Should automatically clean up after itself when a ThreadLocal instance is disposed.
Can access all the values across all threads.
Play nicely with the GC.

That is quite a list, I have to admit. There are a lot of separate concerns that we have to take into account, but the implementation turned out to be relatively small. First, let’s show the code, and then we can discuss how it answer the requirements.

This shows the LightThreadLocal<T> class, but it is missing the CurrentThreadState, which we’ll discuss in a bit. In terms of the data model, we have a concurrent dictionary, which is indexed by a CurrentThreadState instance which is held in a thread static variable. The code also allows you to define a generator and will create a default value on first access to the thread.

The first design decision is the key for the dictionary, I thought about using Thread.CurrentThread and the thread id.Using the thread id as the key is dangerous, because thread ids may be reused. And that is a case of a nasty^nasty bug. Yes, that is a nasty bug raised to the power of nasty. I can just imagine trying to debug something like that, it would be a nightmare. As for using Thread.CurrentThread, we’ll not have reused instances, so that is fine, but we do need to keep track of additional information for our purposes, so we can’t just reuse the thread instance. Therefor, we created our own class to keep track of the state.

All instances of a LightThreadLocal are going to share the same thread static value. However, that value is going to be kept as small as possible, it’s only purpose is to allow us to index into the shared dictionary. This means that except for the shared thread static state, we have no interaction between different instances of the LightThreadLocal. That means that if we have a lot of such instances, we use a lot less space and won’t degrade performance over time.

I also implemented an explicit disposal of the values if needed, as well as a finalizer. There is some song and dance around the disposal to make sure it plays nicely with concurrent disposal from a thread (see later), but that is pretty much it.

There really isn’t much to do here, right? Except that the real magic happens in the CurrentThreadState.

Not that much magic, huh? Smile

We keep a list of the LightThreadLocal instance that has registered a value for this thread. And we have a finalizer that will be called once the thread is killed. That will go to all the LightThreadLocal instances that used this thread and remove the values registered for this thread. Note that this may run concurrently with the LightThreadLocal.Dispose, so we have to be a bit careful (the careful bit happens in the LightThreadLocal.Dispose).

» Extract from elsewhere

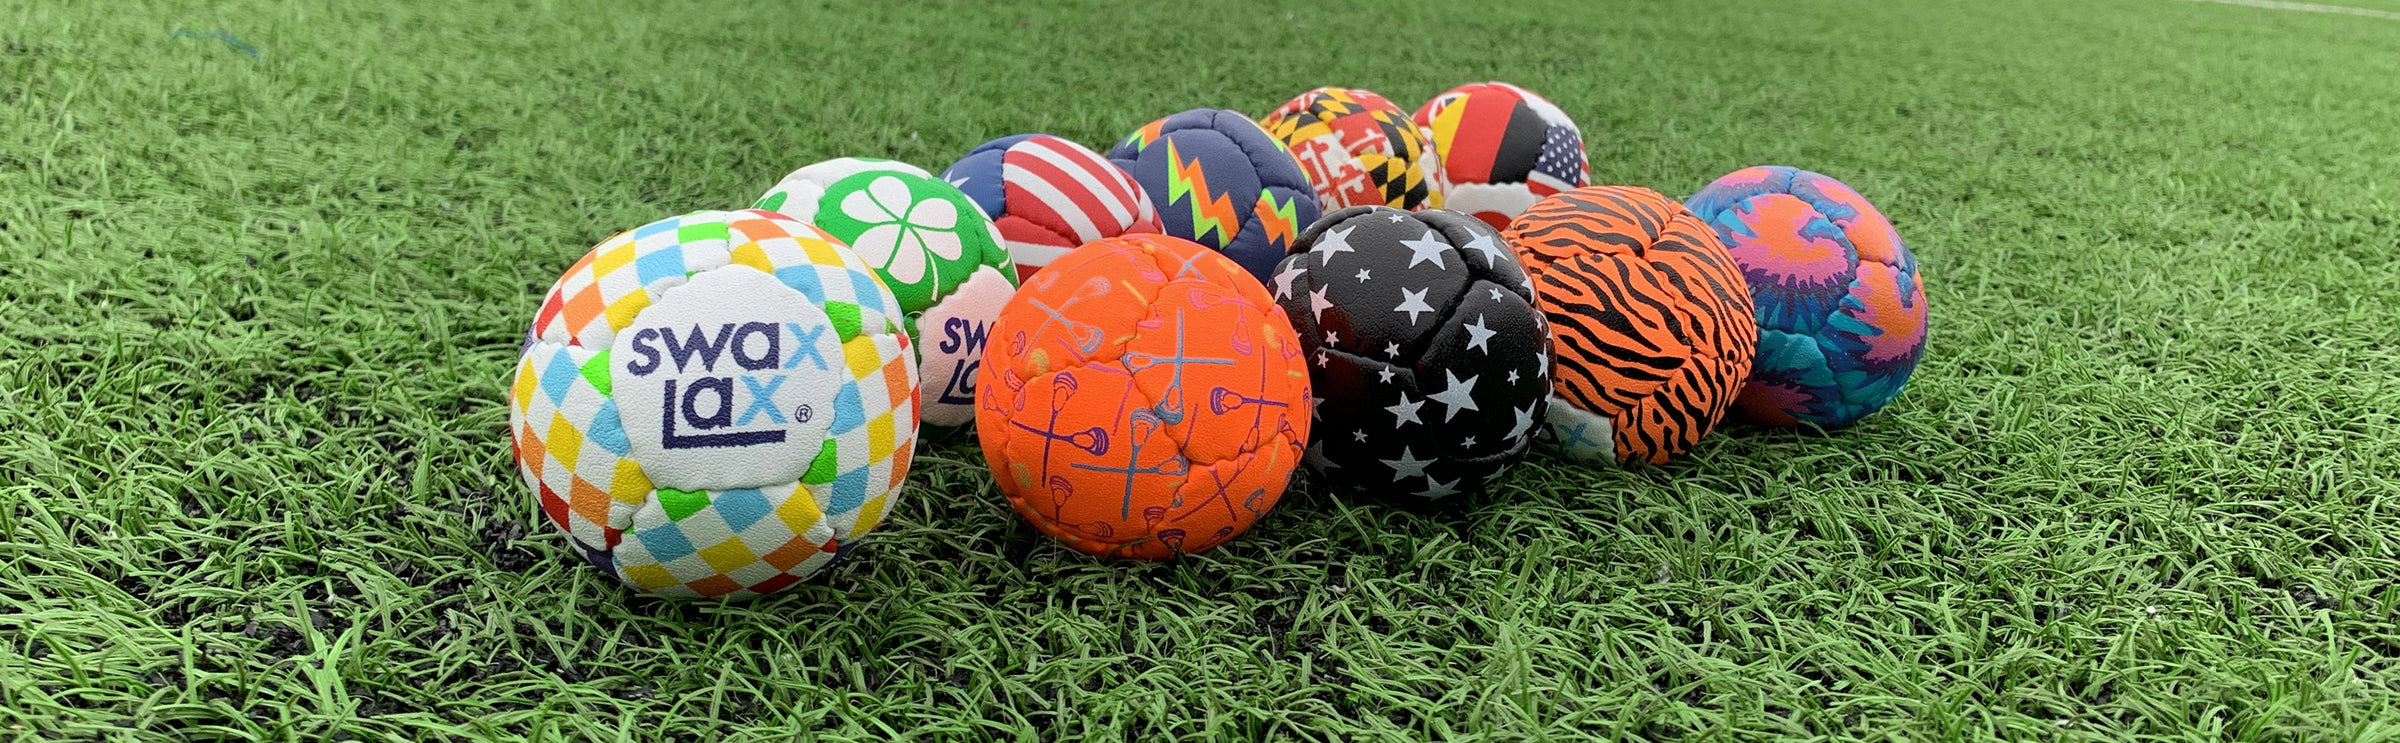 Swax Lax Lacrosse Training Balls - Original Pattern Designs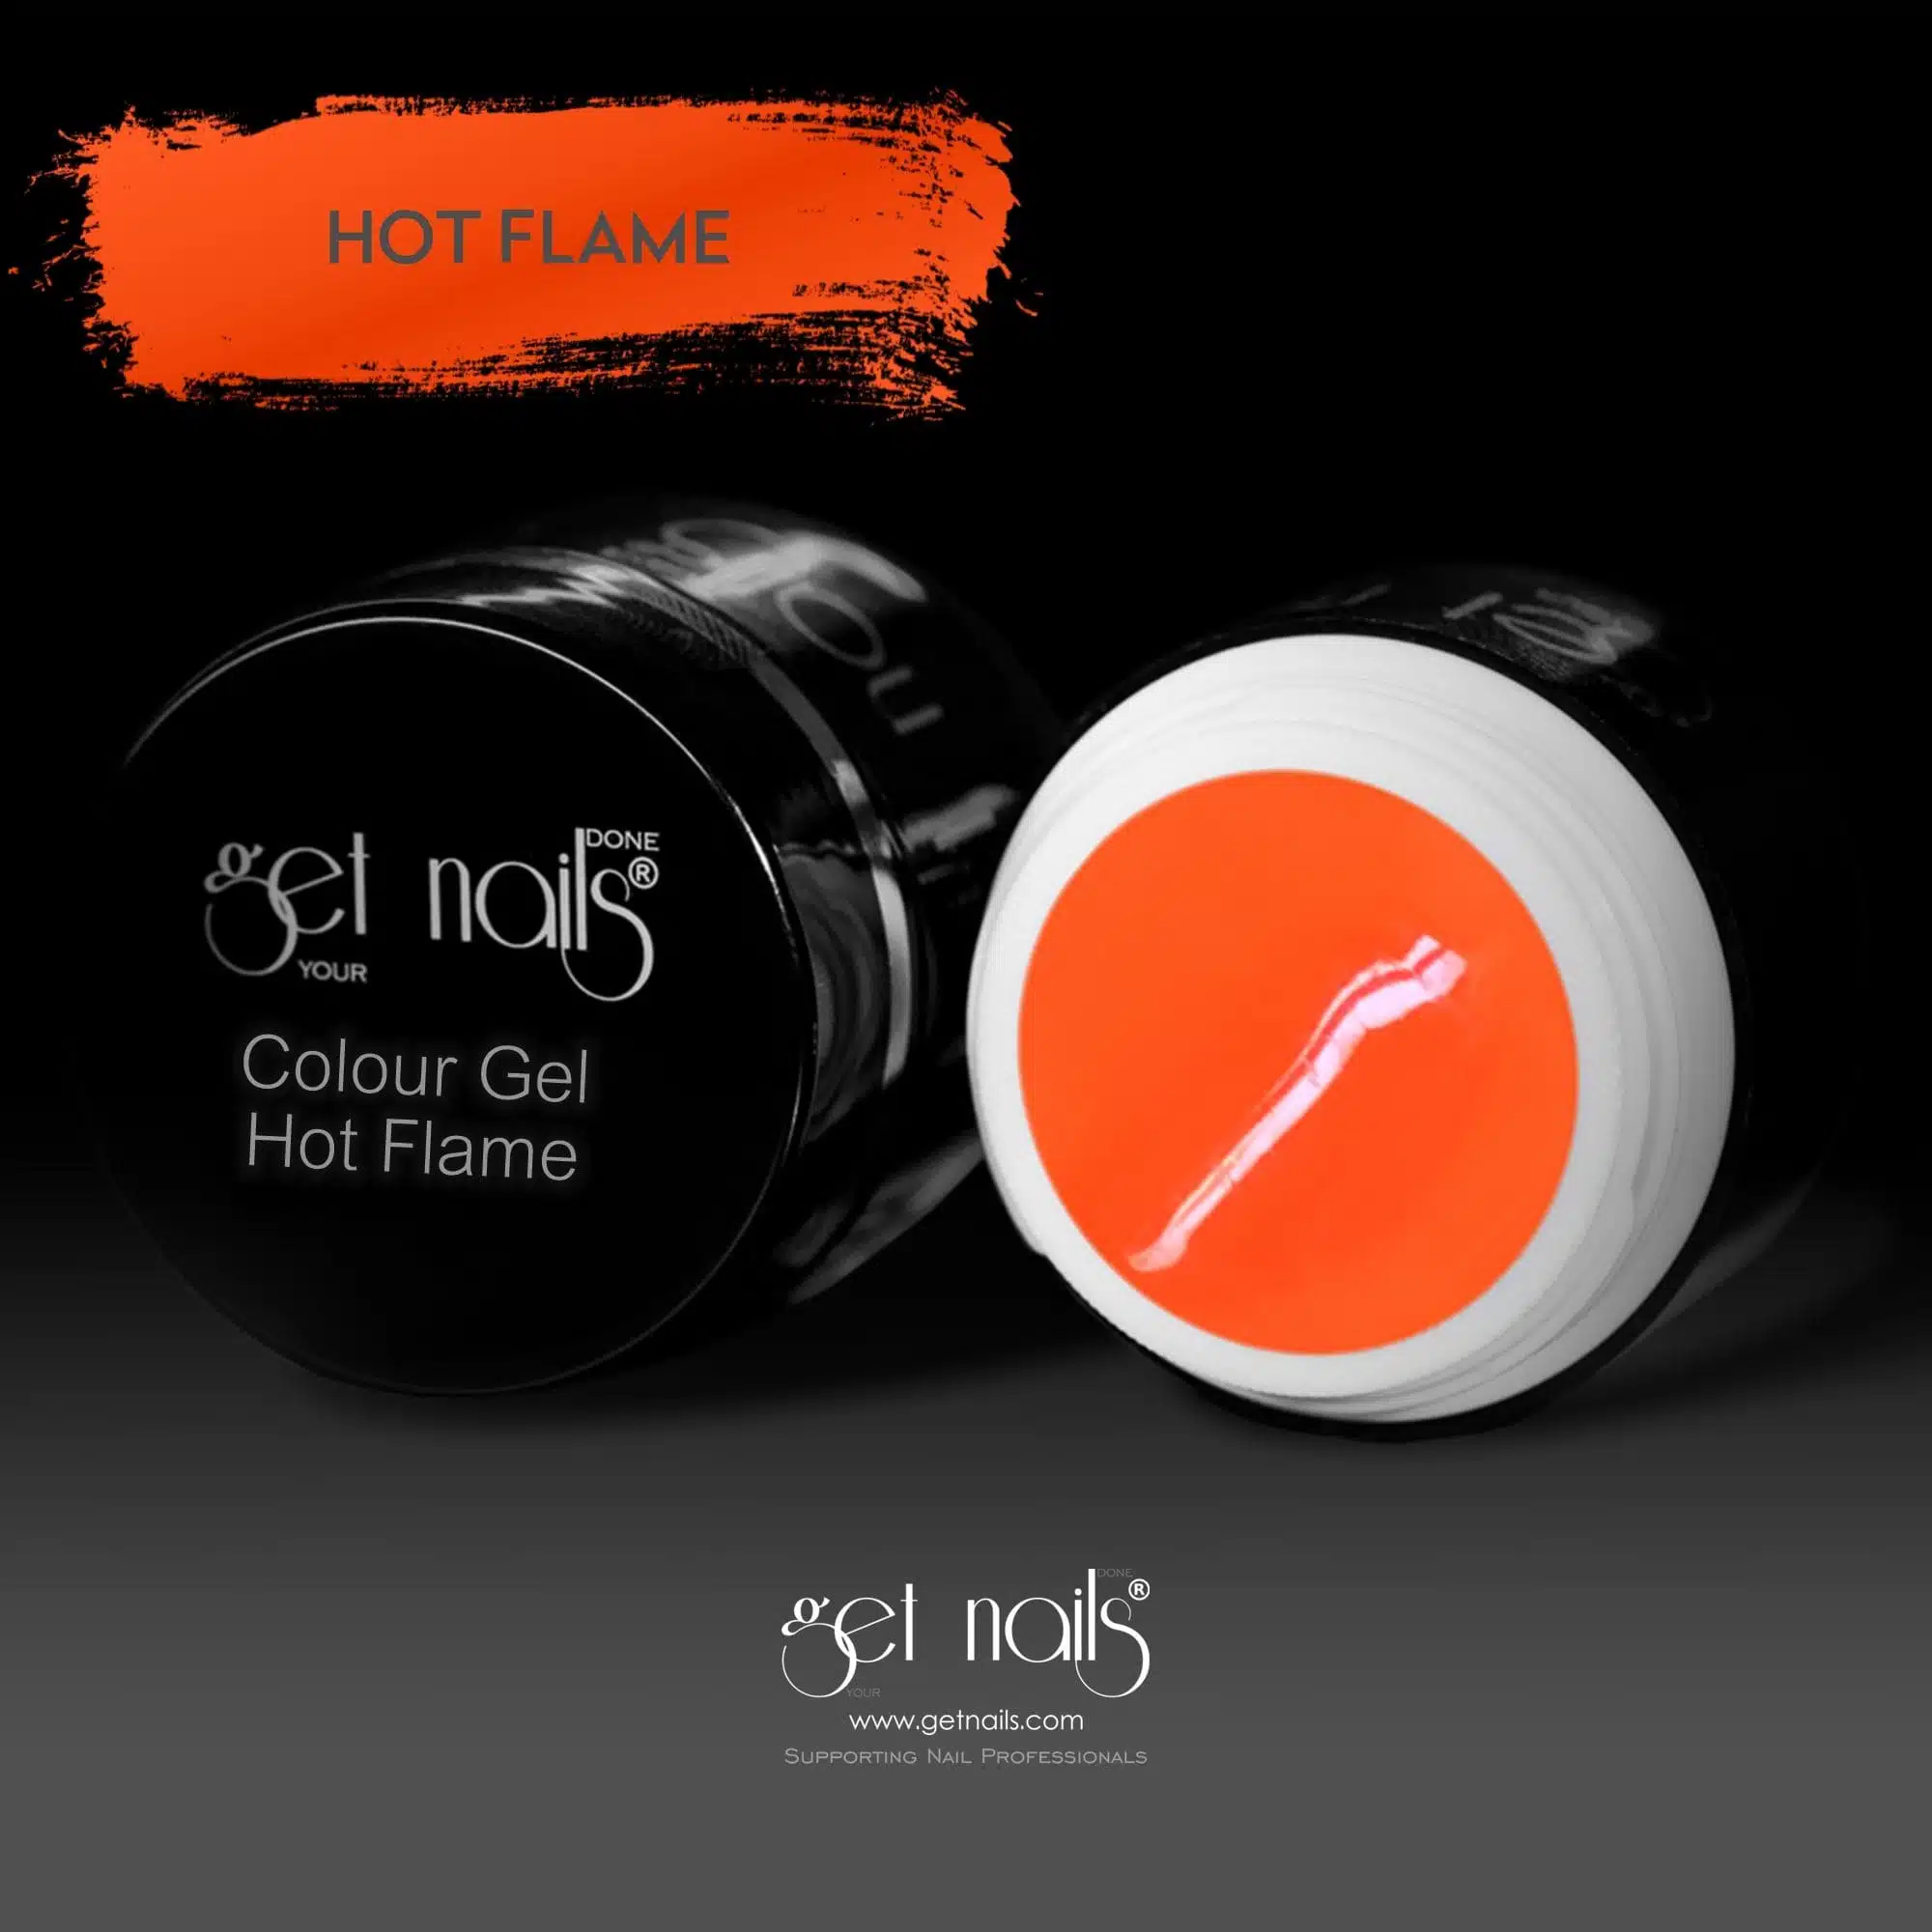 Get Nails Austria - Цветной гель Hot Flame 5g

There is one thing here that deserve attention, though. The WeakReferenceToLightThreadLocal class, here it is with all its glory:

This is basically wrapper to WeakReference that allow us to get a stable hash value even if the reference has been collected. The reason we use that is that we need to reference the LightThreadLocal from the CurrentThreadState. And if we hold a strong reference, that would prevent the LightThreadLocal instance from being collected. It also means that in terms of the complexity of the object graph, we have only forward references with no cycles, cross references, etc. That should be a fairly simple object graph for the GC to walk through, which is the whole point of what I’m trying to do here.

Oh, we also need to support accessing all the values, but that is so trivial I don’t think I need to talk about it. Each LightThreadLocal has its own concurrent dictionary, and we can just access that Values property and we get the right result.

We aren’t done yet, though. There are still certain things that I didn’t do. For example, if we have a lot of LightThreadLocalinstances, they would gather up in the thread static instances, leading to large memory usage. We want to be able to automatically clean these up when the LightThreadLocalinstance goes away. That turn out to be somewhat of a challenge. There are a few issues here:

We can’t do that from the LightThreadLocal.Dispose / finalizer. That would mean that we have to guard against concurrent data access, and that would impact the common path.
We don’t want to create a reference from the LightThreadLocal to the CurrentThreadState, that would lead to more complex data structure and may lead to slow GC.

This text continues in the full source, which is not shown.